数据集:
bswac
语言:
bs计算机处理:
monolingual大小:
100M<n<1B语言创建人:
found批注创建人:
no-annotation源数据集:
original许可:
cc-by-sa-3.0The Bosnian web corpus bsWaC was built by crawling the .ba top-level domain in 2014. The corpus was near-deduplicated on paragraph level, normalised via diacritic restoration, morphosyntactically annotated and lemmatised. The corpus is shuffled by paragraphs. Each paragraph contains metadata on the URL, domain and language identification (Bosnian vs. Croatian vs. Serbian).
[More Information Needed]
Dataset is monolingual in Bosnian language.
[More Information Needed]
[More Information Needed]
[More Information Needed]
[More Information Needed]
[More Information Needed]
Who are the source language producers?[More Information Needed]
[More Information Needed]
Who are the annotators?[More Information Needed]
[More Information Needed]
[More Information Needed]
[More Information Needed]
[More Information Needed]
[More Information Needed]
Dataset is under the CC-BY-SA 3.0 license.

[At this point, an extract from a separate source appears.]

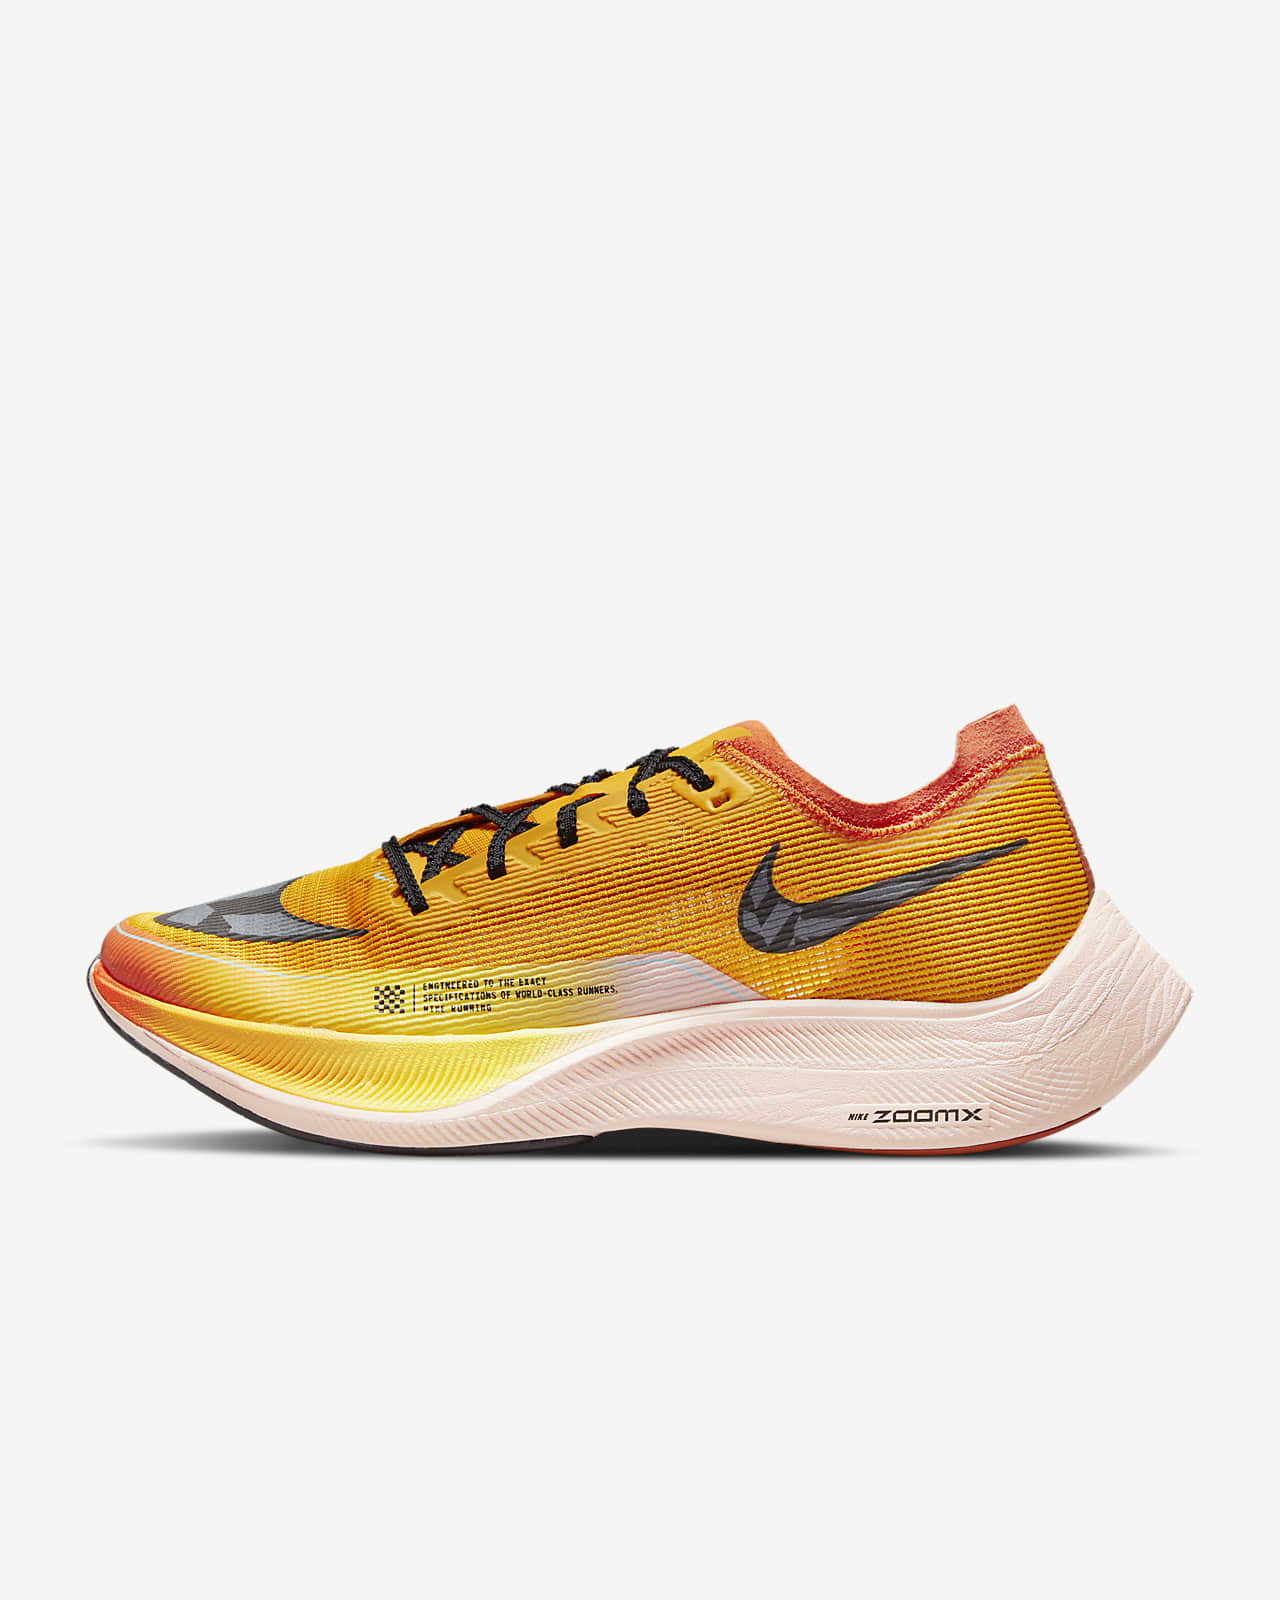 Nike Vaporfly 2 Road Racing Shoes
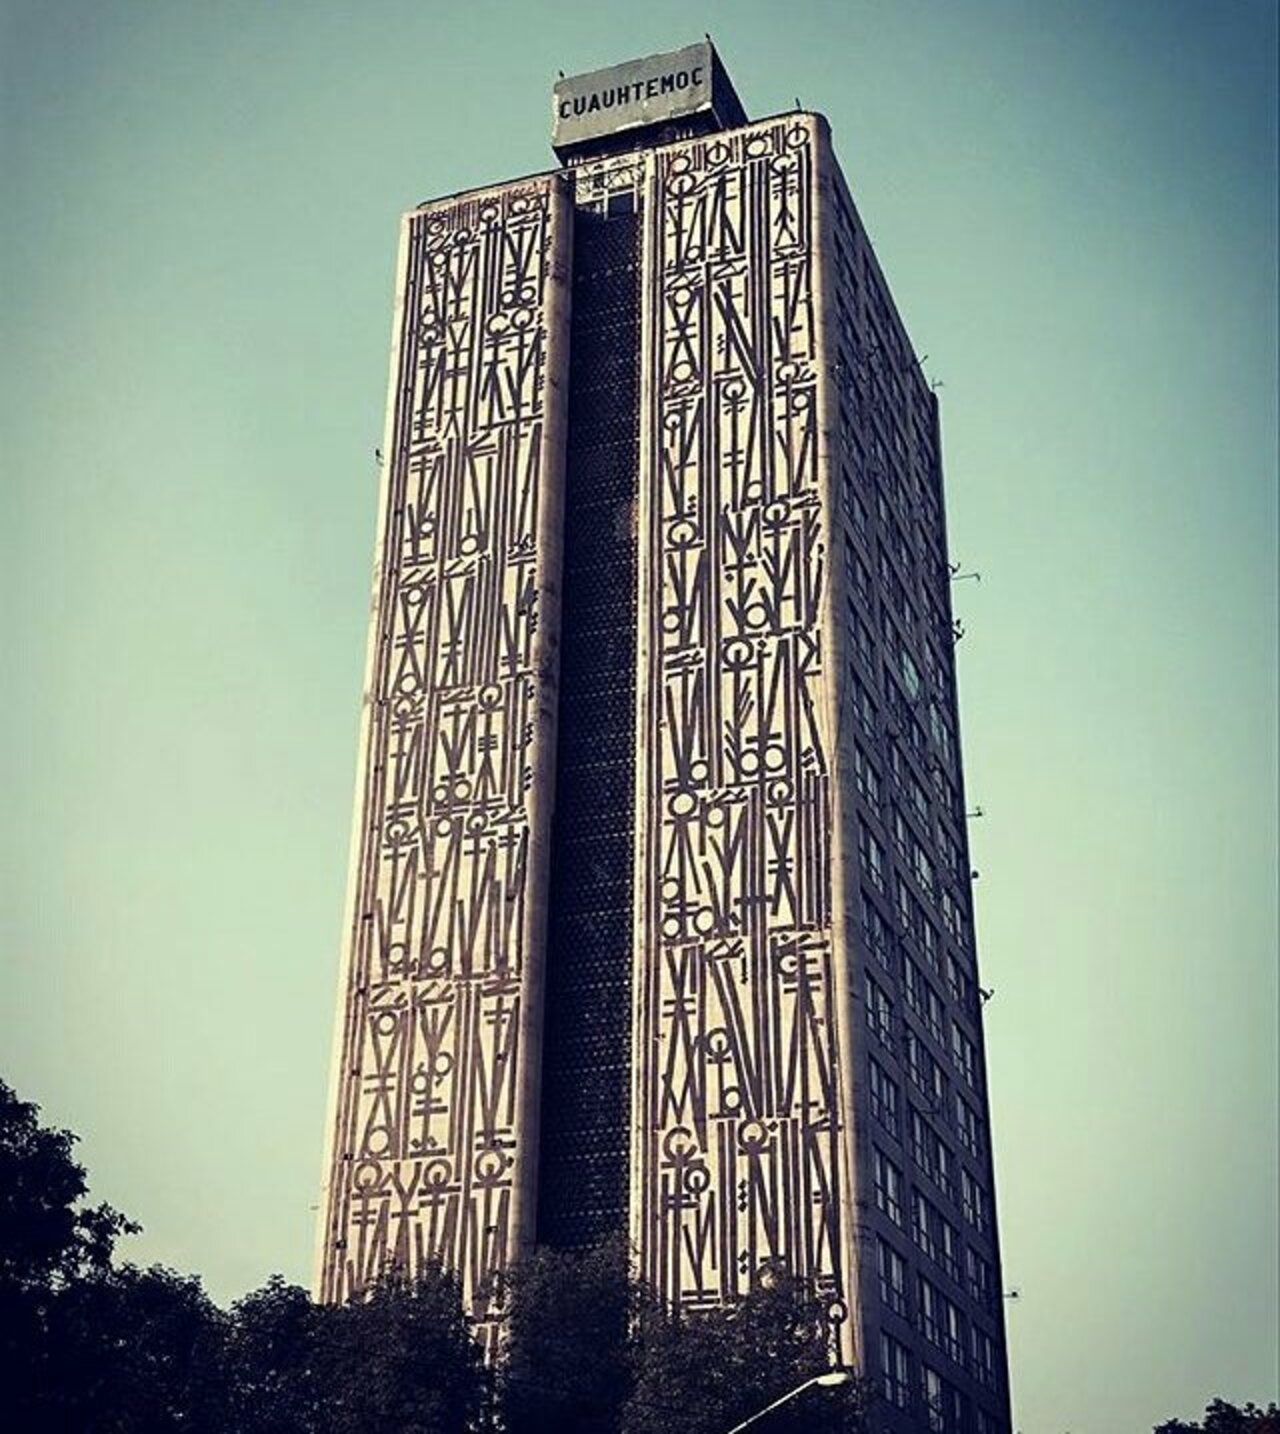 This has to be one of those most beautiful pieces ever painted....Retna #MADSOCIETYKINGS#mexico #mexicocity #art https://t.co/GVwk7Ma9qG

@misc{11356/1062, title = {Bosnian web corpus {bsWaC} 1.1}, author = {Ljube{\v s}i{\'c}, Nikola and Klubi{\v c}ka, Filip}, url = {http://hdl.handle.net/11356/1062}, note = {Slovenian language resource repository {CLARIN}.{SI}}, copyright = {Creative Commons - Attribution-{ShareAlike} 4.0 International ({CC} {BY}-{SA} 4.0)}, year = {2016} }
Thanks to @IvanZidov for adding this dataset.